Merge branch 'master' of https://github.com/linhua55/youtube-dl into linhua55-master
[youtube-dl] / youtube_dl / extractor / crunchyroll.py
index ce123482e8036bc50c39a65e6036ee8eb534b83a..95952bc292c05548a88876b7b52cf236f8bdc826 100644 (file)
@@ -31,7 +31,23 @@ from ..aes import (
 )
 
 
-class CrunchyrollIE(InfoExtractor):
+class CrunchyrollBaseIE(InfoExtractor):
+    def _download_webpage(self, url_or_request, video_id, note=None, errnote=None, fatal=True, tries=1, timeout=5, encoding=None):
+        request = (url_or_request if isinstance(url_or_request, compat_urllib_request.Request)
+                   else compat_urllib_request.Request(url_or_request))
+        # Accept-Language must be set explicitly to accept any language to avoid issues
+        # similar to https://github.com/rg3/youtube-dl/issues/6797.
+        # Along with IP address Crunchyroll uses Accept-Language to guess whether georestriction
+        # should be imposed or not (from what I can see it just takes the first language
+        # ignoring the priority and requires it to correspond the IP). By the way this causes
+        # Crunchyroll to not work in georestriction cases in some browsers that don't place
+        # the locale lang first in header. However allowing any language seems to workaround the issue.

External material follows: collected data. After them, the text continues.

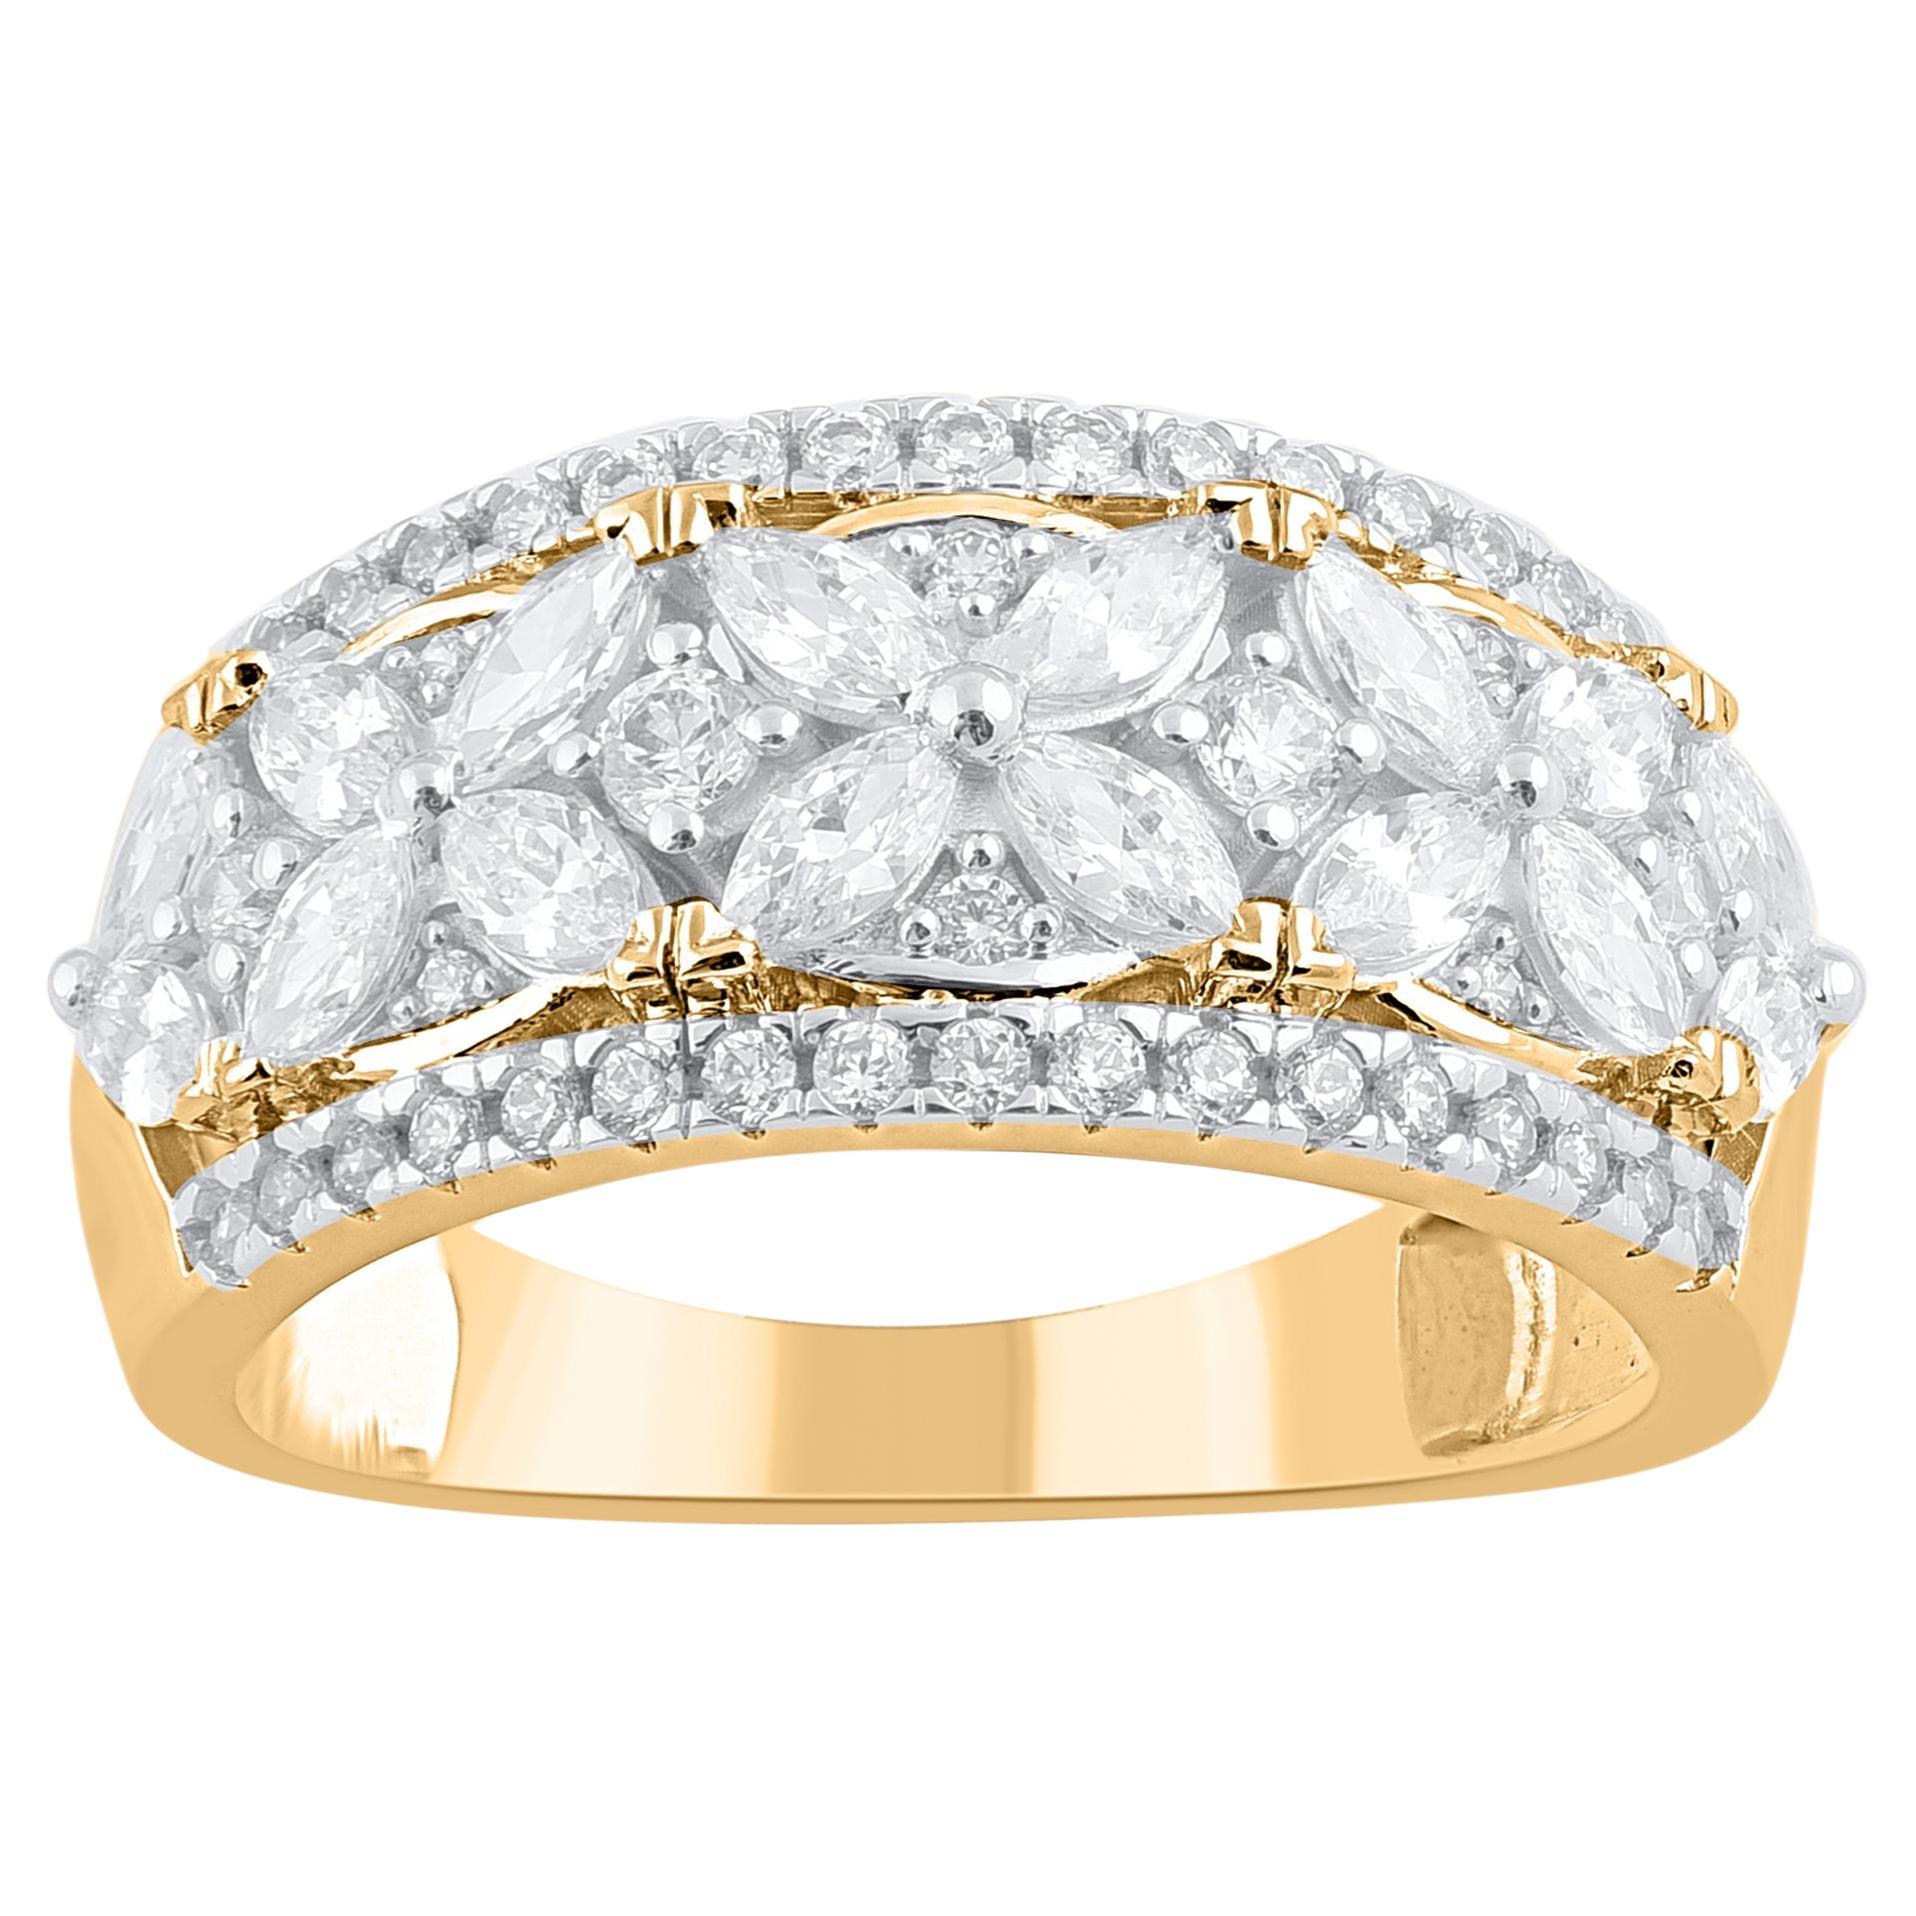 TJD 1.50 Carat Natural Diamond 18KT Gold Vintage-Style Flower Wedding Band Ring (anneau de mariage en forme de fleur en or 18KT)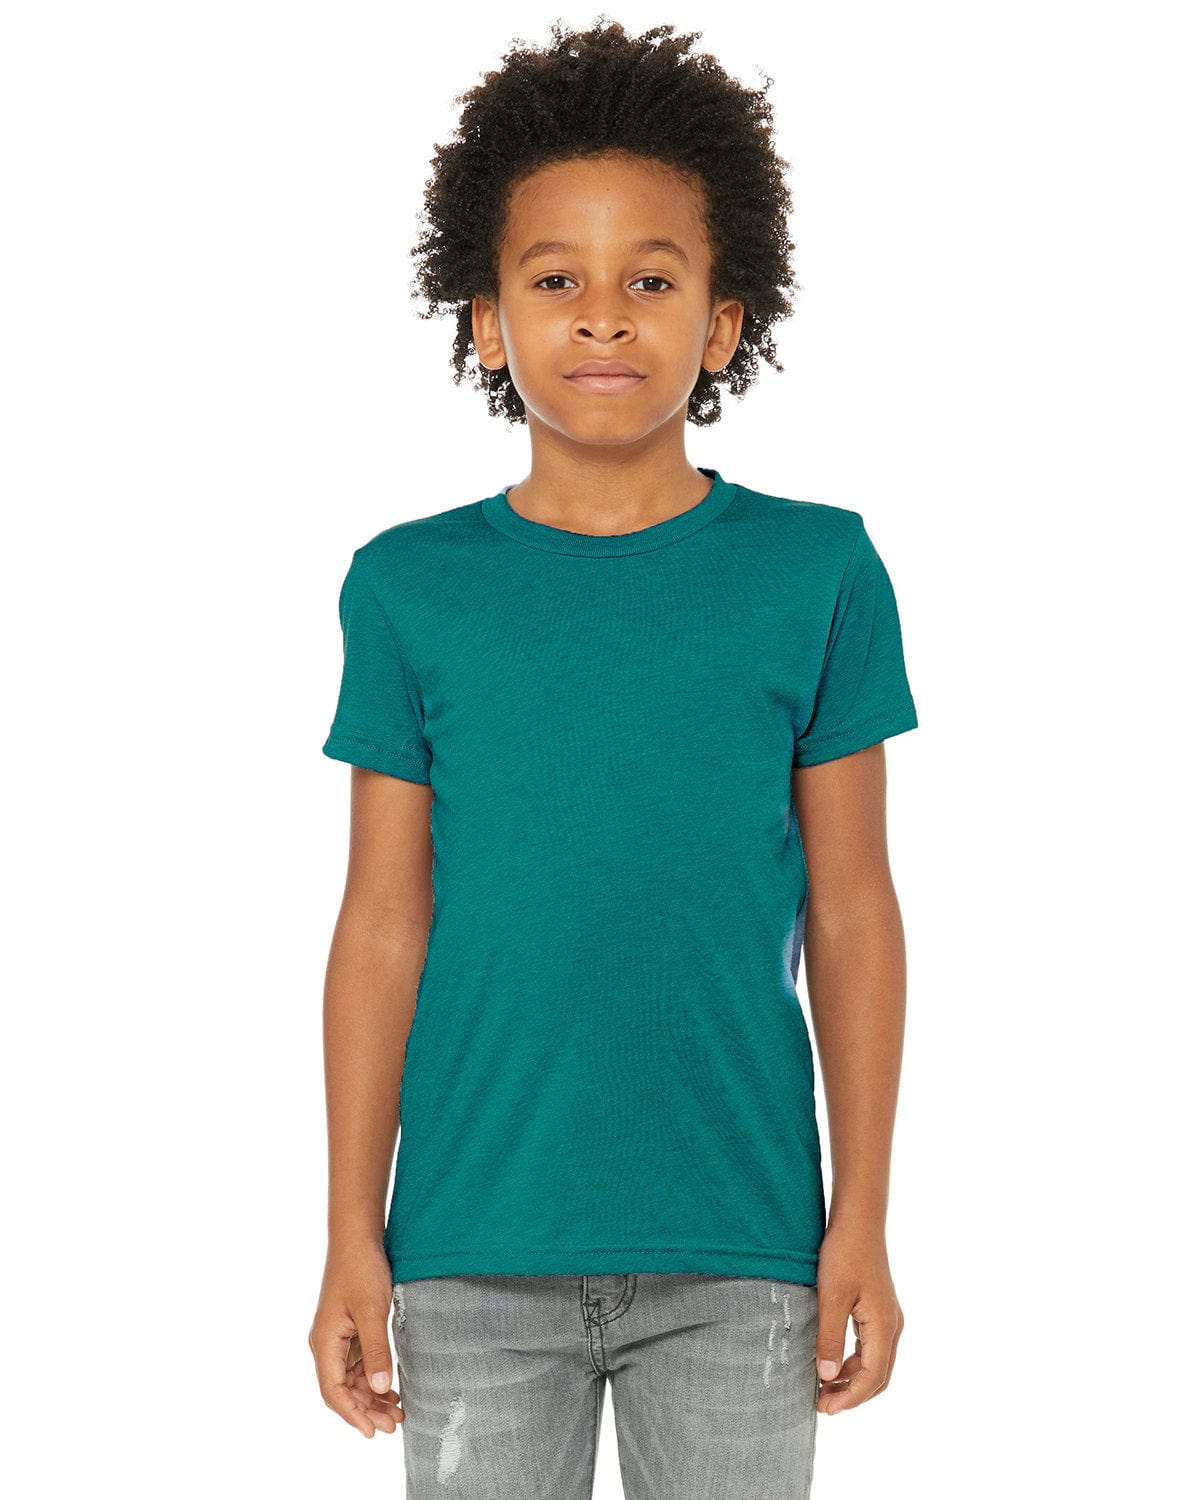 Bella+Canvas 3413Y: Youth Triblend Short-Sleeve T-Shirt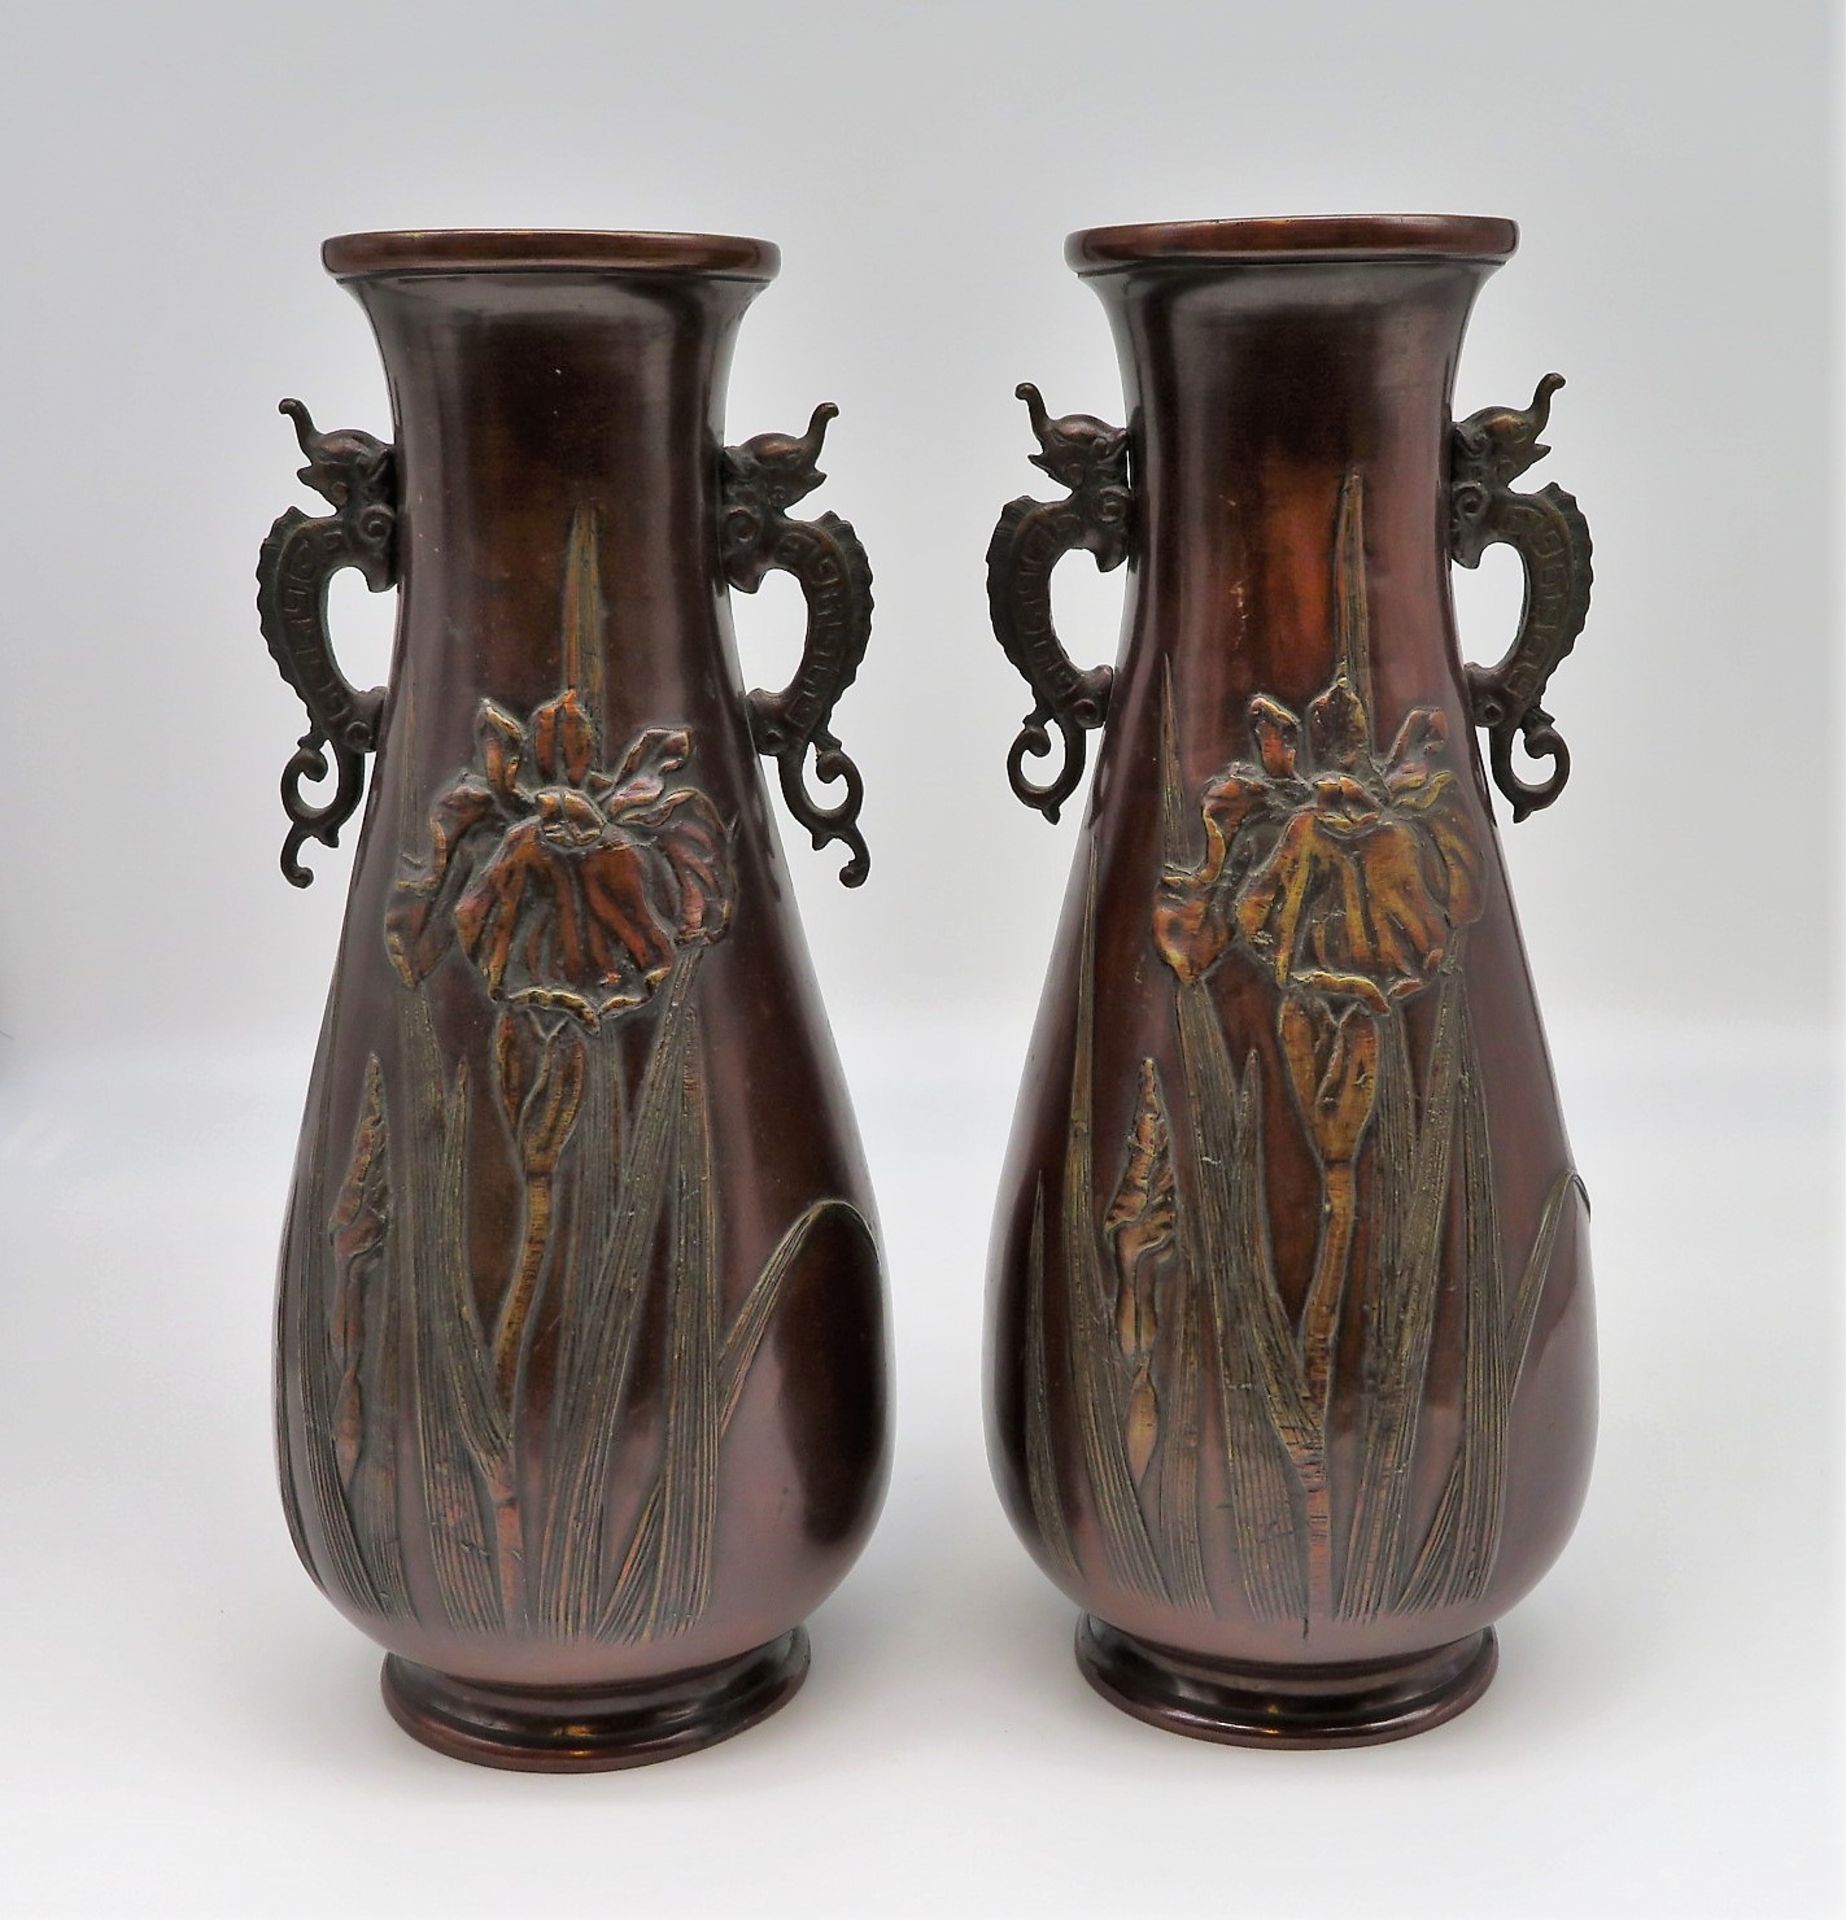 2 Vasen, Japan, um 1900, Bronze patiniert, h 31 cm, d 14 cm.

+        request.add_header('Accept-Language', '*')
+        return super(CrunchyrollBaseIE, self)._download_webpage(
+            request, video_id, note, errnote, fatal, tries, timeout, encoding)
+
+
+class CrunchyrollIE(CrunchyrollBaseIE):
     _VALID_URL = r'https?://(?:(?P<prefix>www|m)\.)?(?P<url>crunchyroll\.(?:com|fr)/(?:media(?:-|/\?id=)|[^/]*/[^/?&]*?)(?P<video_id>[0-9]+))(?:[/?&]|$)'
     _NETRC_MACHINE = 'crunchyroll'
     _TESTS = [{
@@ -259,10 +275,14 @@ Format: Layer, Start, End, Style, Name, MarginL, MarginR, MarginV, Effect, Text
         video_description = self._html_search_regex(r'"description":"([^"]+)', webpage, 'video_description', default='')
         if not video_description:
             video_description = None
-        video_upload_date = self._html_search_regex(r'<div>Availability for free users:(.+?)</div>', webpage, 'video_upload_date', fatal=False, flags=re.DOTALL)
+        video_upload_date = self._html_search_regex(
+            [r'<div>Availability for free users:(.+?)</div>', r'<div>[^<>]+<span>\s*(.+?\d{4})\s*</span></div>'],
+            webpage, 'video_upload_date', fatal=False, flags=re.DOTALL)
         if video_upload_date:
             video_upload_date = unified_strdate(video_upload_date)
-        video_uploader = self._html_search_regex(r'<div>\s*Publisher:(.+?)</div>', webpage, 'video_uploader', fatal=False, flags=re.DOTALL)
+        video_uploader = self._html_search_regex(
+            r'<a[^>]+href="/publisher/[^"]+"[^>]*>([^<]+)</a>', webpage,
+            'video_uploader', fatal=False)
 
         playerdata_url = compat_urllib_parse_unquote(self._html_search_regex(r'"config_url":"([^"]+)', webpage, 'playerdata_url'))
         playerdata_req = compat_urllib_request.Request(playerdata_url)
@@ -330,7 +350,7 @@ Format: Layer, Start, End, Style, Name, MarginL, MarginR, MarginV, Effect, Text
         }
 
 
-class CrunchyrollShowPlaylistIE(InfoExtractor):
+class CrunchyrollShowPlaylistIE(CrunchyrollBaseIE):
     IE_NAME = "crunchyroll:playlist"
     _VALID_URL = r'https?://(?:(?P<prefix>www|m)\.)?(?P<url>crunchyroll\.com/(?!(?:news|anime-news|library|forum|launchcalendar|lineup|store|comics|freetrial|login))(?P<id>[\w\-]+))/?$'